LAWS(APH)-1985-3-20

ZDZIZLAW SKAKUZ Vs. COMMISSIONER OF INCOME TAX

Decided On March 19, 1985
ZDZIZLAW SKAKUZ Appellant
V/S
COMMISSIONER OF INCOME-TAX Respondents

JUDGEMENT

(1.) ONE Zdzizlaw Skakuz, a Polish national was assessed in the status of an Indian resident for the assessment years 1970-71, 1971-72, 1972 73 and 1973-74. The assessee was an employee of a Polish firm called Z.P.M. & H.Cegielski, Poznan (Poland). Under two contract of agreements dated December 17, 1965, and November 20, 1970, entered into by the Hindustan Shipyard Ltd., Visakhapatnam, with the above mentioned Polish firm, the assessee was deputed to India to supervise the work of installation and erection of machinery in the new ships of M/s. Hindustan Shipyard Ltd. Visakhapatnam. Under the terms of those contracts, the Hindustan Shipyard took the responsibility to pay income-tax which was due and payable by the assessee on the total income which he had earned during the period of his stay in India during the above-mentioned assessment years. Clause 17 of the agreement dated November 20, 1970, provides as under - "should the income-tax authorities levy any income-tax on such personnel stationed in India, such income-tax will be paid by the Hindustan Shipyard. The Hindustan Shipyard undertakes to take up and follow up themselves necessary formalities. But the technical personnel stationed in India will file necessary returns and supply necessary information, if required by the income-tax authorities". Clause 6 of the agreement dated December 17, 1965, is similarly worded as clause 17Of the agreement dated November 20, 1970.

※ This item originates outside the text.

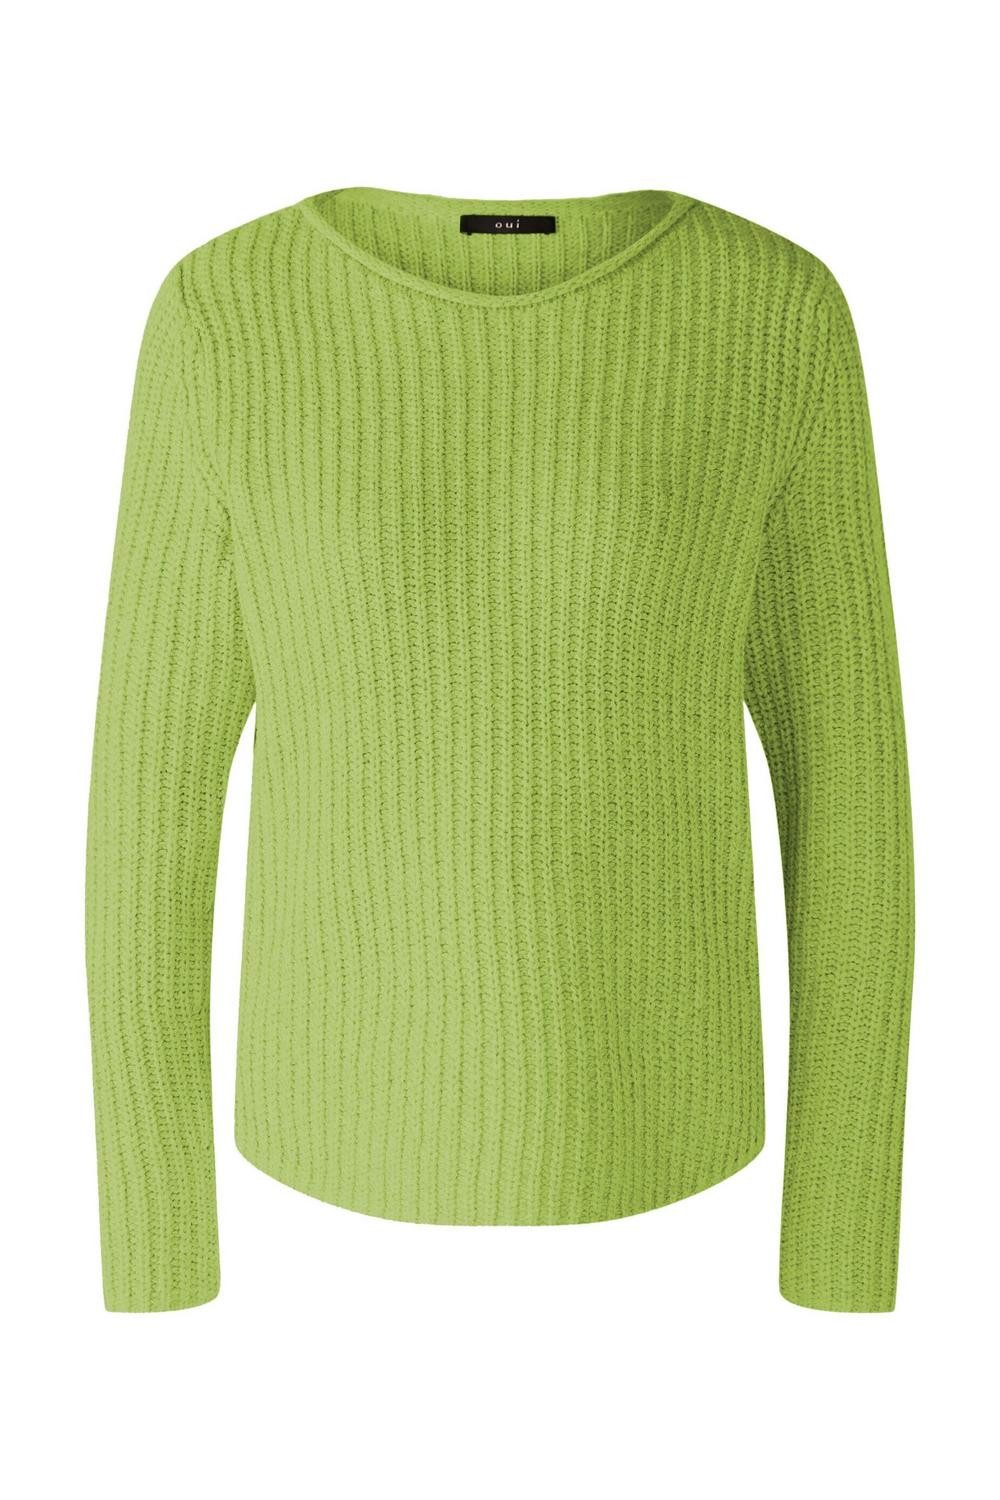 Oui Sweatshirt Pullover, lt green green
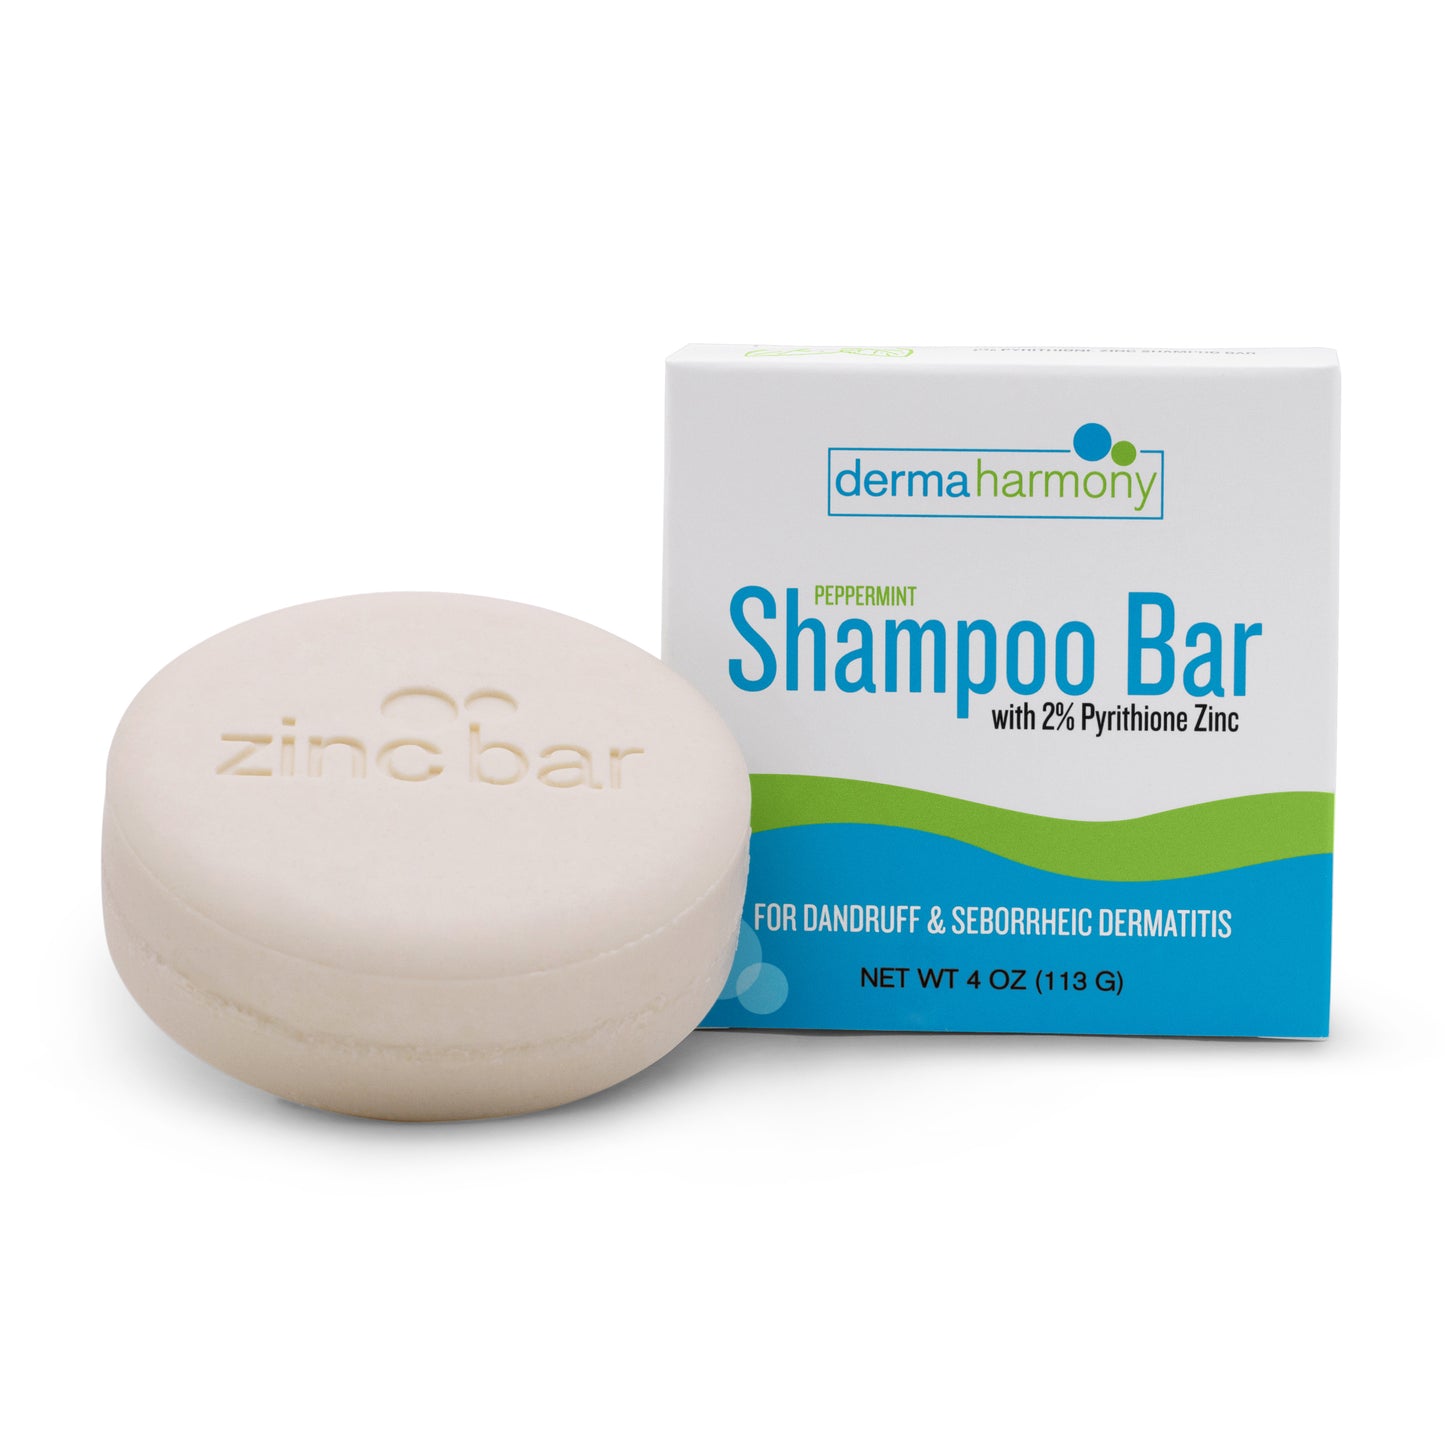 2% Pyrithione Zinc Dandruff & Seborrheic Dermatitis Shampoo Bar - Peppermint

(2.) NOW, the assessee had received his salary from his Polish employer and his allowances were also paid by the Polish firm. The Income-tax Officer assessed the assessee for the assessment year 1970-71 on April 20, 1973, and for the assessment years 1971-72, 1972-73 and 1973-74 on April 19, 1973. In doing so, he treated the taxes which have been borne by the Hindustan Shipyard Limited, Visakhapatnam, under the aforementioned contracts with the Polish firm as the income of the assessee from other sources falling under section 56 of the Income-tax Act. But, subsequently, the Income-tax Officer felt that charging only the first stage of tax as tax perquisites under the head "Other sources", was incorrect and it should be grossed up. Accordingly, the officer amended the original assessment orders in the purported exercise of his jurisdiction under section 154 of the Income-tax Act, 1961 and brought to tax the perquisites after grossing them up.

(3.) THE contention before the Tribunal on behalf of the assessee was that the Appellate Assistant Commissioner committed an error in treating the taxes paid by the Hindustan Shipyard as tax perquisites chargeable to tax and it was also contended that the entire amount of allowances paid to the assessee by the foreign company during his sojourn in India ought to have been allowed exemption under section 10(14) of the Income-tax Act. THE Income-tax Appellate Tribunal held that the Polish firm was the employer of the assessee and that the assessee was not an employee of the Hindustan Shipyard Limited. Having held so, the Tribunal ruled that the tax perquisites received by the assessee from the Hindustan Shipyard Limited could be assessed as "Income from other sources". THE Tribunal also held that the outstation allowance and the hotel charges received by the assessee in India from the Polish firm were not exempted from being brought to tax under section 10(14) of the Income-tax Act. THE Tribunal also negatived the claim of the assessee under section 16(v) of the Income-tax Act. It held that "there is no evidence on the point whether the outstation allowances paid to the assessee by the foreign company are much less than what the assessee spends by reason of his posting in India. In order to merit exemption under section 16(v) of the Act, it must be established that the assessee is required by the conditions of his service to incur expenses out of his salary also. THE tests laid down in section 16(v) of the Act are not satisfied in the instant case. THE invocation of the applicability of section 16(v) is, in our opinion, not appropriate."